Pancreatic cancer is relatively uncommon, accounting for only 2.2% of all cancer cases in Australia. Therefore, some people may not fully understand the role of the pancreas and how cancer can develop here. This section outlines the functions of the pancreas, as well as important information about pancreatic cancer, including possible causes, diagnosis and treatment.
Types of Pancreas Cancer
Cancers of the pancreas are divided into groups according to the type of cell the cancer has arisen from, and to a lesser extent their position within the pancreas.
60% of pancreatic cancers arise in the head of the pancreas, 15% in the body, and 5% in the tail (see diagram). Cancers of the pancreas are usually hard, grey-white, poorly defined masses.
The most common type of pancreatic cancers are infiltrating ductal adenocarcinomas, that arise from cells that form ducts and secrete mucin. These are commonly called “pancreatic cancers.”
A broad spectrum of tumours can arise in the pancreas, many are cystic, some are benign while others can be malignant.
Some examples are:
Serous cystadenomas are benign cystic neoplasms that arise twice as often in women as in men and typically present in the seventh decade of life with nonspecific symptoms such as abdominal pain. They may also present as palpable abdominal masses. Serous cystadenomas are almost always benign, and surgical resection is curative in the vast majority of patients.
Mucinous Cystic Neoplasms
Mucinous cystic neoplasms almost always arise in women, and in contrast to serous cystadenomas, they can be benign, borderline malignant, or malignant. Mucinous cystic neoplasms usually arise in the body or tail of the pancreas and present as painless, slow-growing masses. The only way to distinguish the entirely benign form (cystadenoma) from its malignant counterpart (cystadenocarcinoma) is pathologic assessment after complete surgical removal.
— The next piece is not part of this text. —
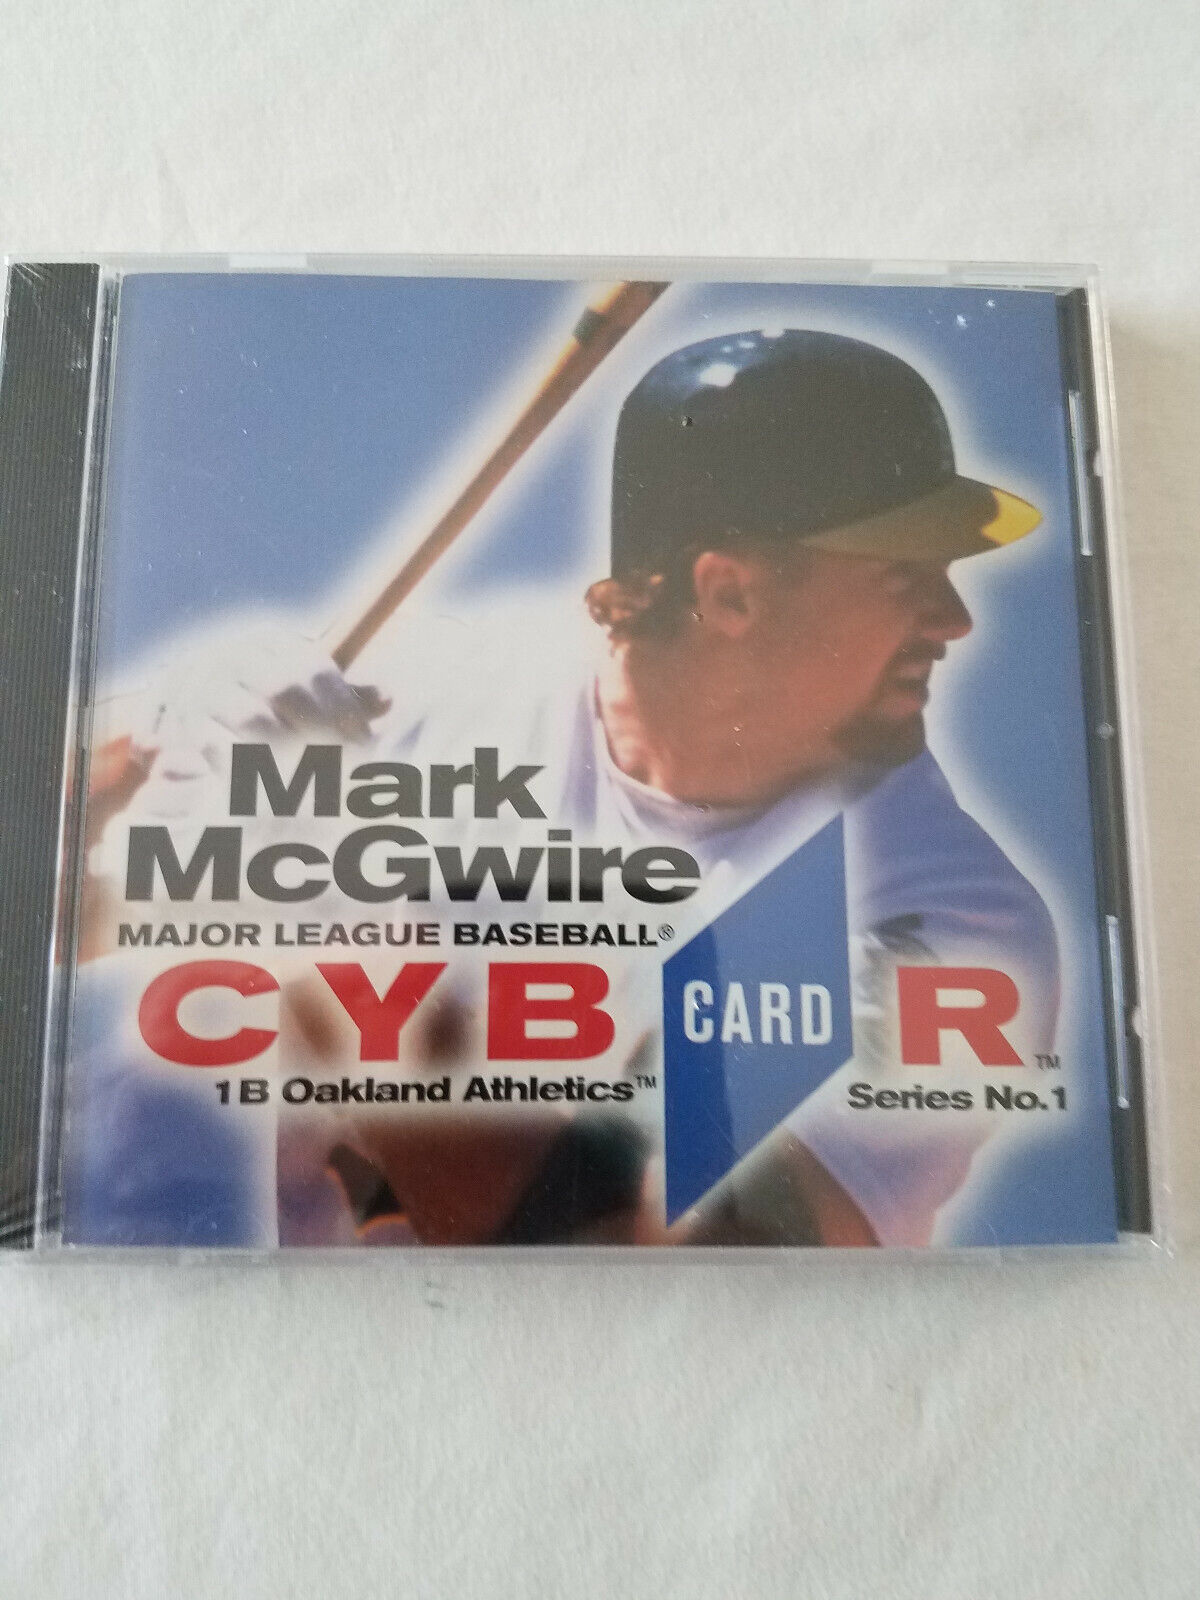 Vintage CYB Card R MARK MCGWIRE  Factory Sealed MLB CYBERCARD

Benign mucinous cystadenomas lack significant cytologic or architectural atypia, while borderline mucinous cystic neoplasms show significant cytologic and architectural atypia but no tissue invasion. Malignant mucinous cystadenocarcinomas have an associated invasive carcinoma.
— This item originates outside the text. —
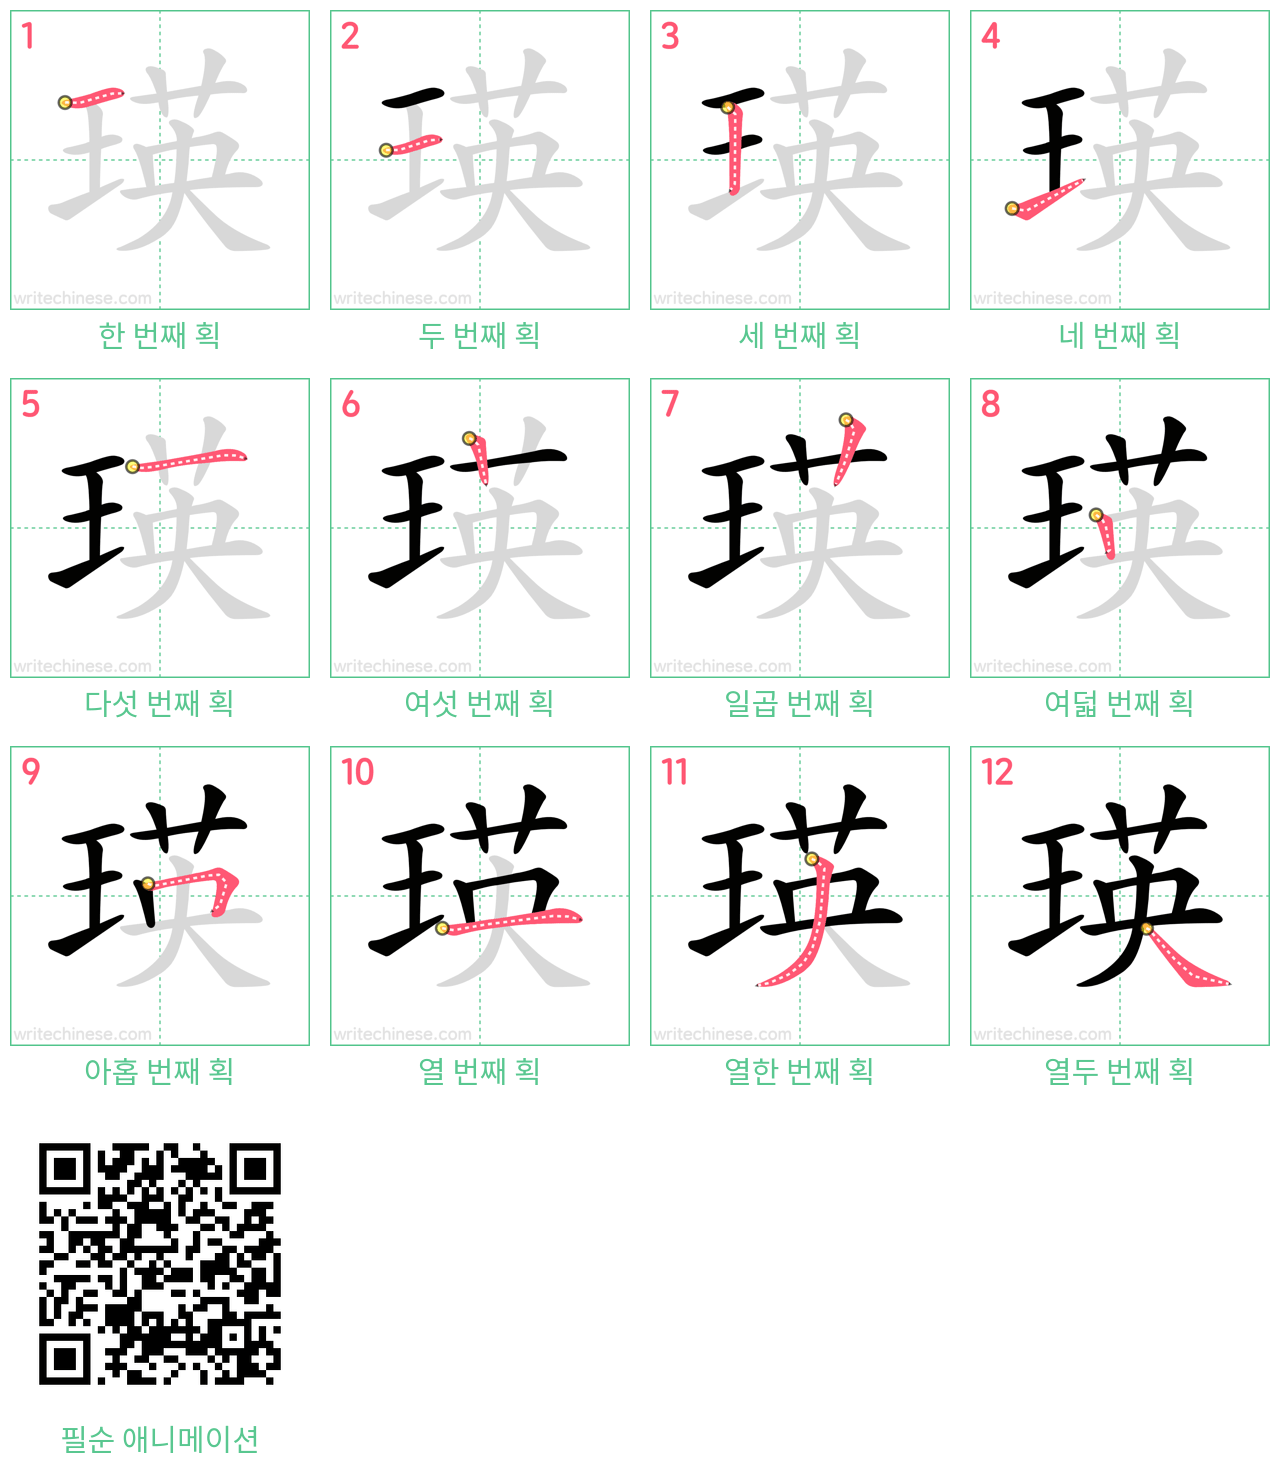 瑛 step-by-step stroke order diagrams

Intraductal Papillary Mucinous Neoplasm (IPMN)
IPMN is a grossly visible, non invasive, mucin-producing, predominantly papillary or rarely flat epithelial neoplasm arising from the main pancreatic duct or branching ducts, with varying degrees of duct dilation. IPMNs usually produce a lesion greater than 1cm in diameter and include a variety of cell types with a spectrum of cytologic and architectural atypia.
The unusual solid-pseudopapillary tumour is seen mainly in adolescent girls and young women. These tumours often cause abdominal discomfort because of their large size, and they are usually cured by resection. Surgical resection is the treatment of choice, and although some solid-pseudopapillary tumours are locally aggressive, most pursue a benign course if they are completely resected.
Endocrine Neoplasms, also known as ‘islet cell tumours’, are rare in comparison with tumours of the exocrine pancreas, accounting for only 2% of all pancreatic neoplasms. They may be benign or malignant with the ability to spread to the liver and lymph nodes, and it is often difficult to predict the biologic behaviour of these neoplasms.
Insulinomas are the most common of pancreatic endocrine neoplasms. They are most often found within the pancreas and are generally small benign lesions. Most are solitary, although multiple lesions have been described.
Gastrinomas (Zollinger-Ellison Syndrome) characterised by marked hypersecretion of gastrin and severe peptic ulceration. They may arise in the pancreas, the peripancreatic region, or the wall of the duodenum. Over half of gastrin producing tumours are locally invasive or have already metastasised at the time of diagnosis.
Glucagonomas are associated with increased serum levels of glucagon and a syndrome consisting of mild diabetes mellitus, a characteristic skin rash (necrolytic migratory erythema), and anemia. They occur most frequently in perimenopausal and postmenopausal women and are characterized by extremely high plasma glucagon levels.
Somatostatinomas are extremely rare neoplasms and are often associated with diabetes mellitus, gall stones and steatorrhea. They are exceedingly difficult to localize preoperatively. High plasma somatostatin levels are required for diagnosis.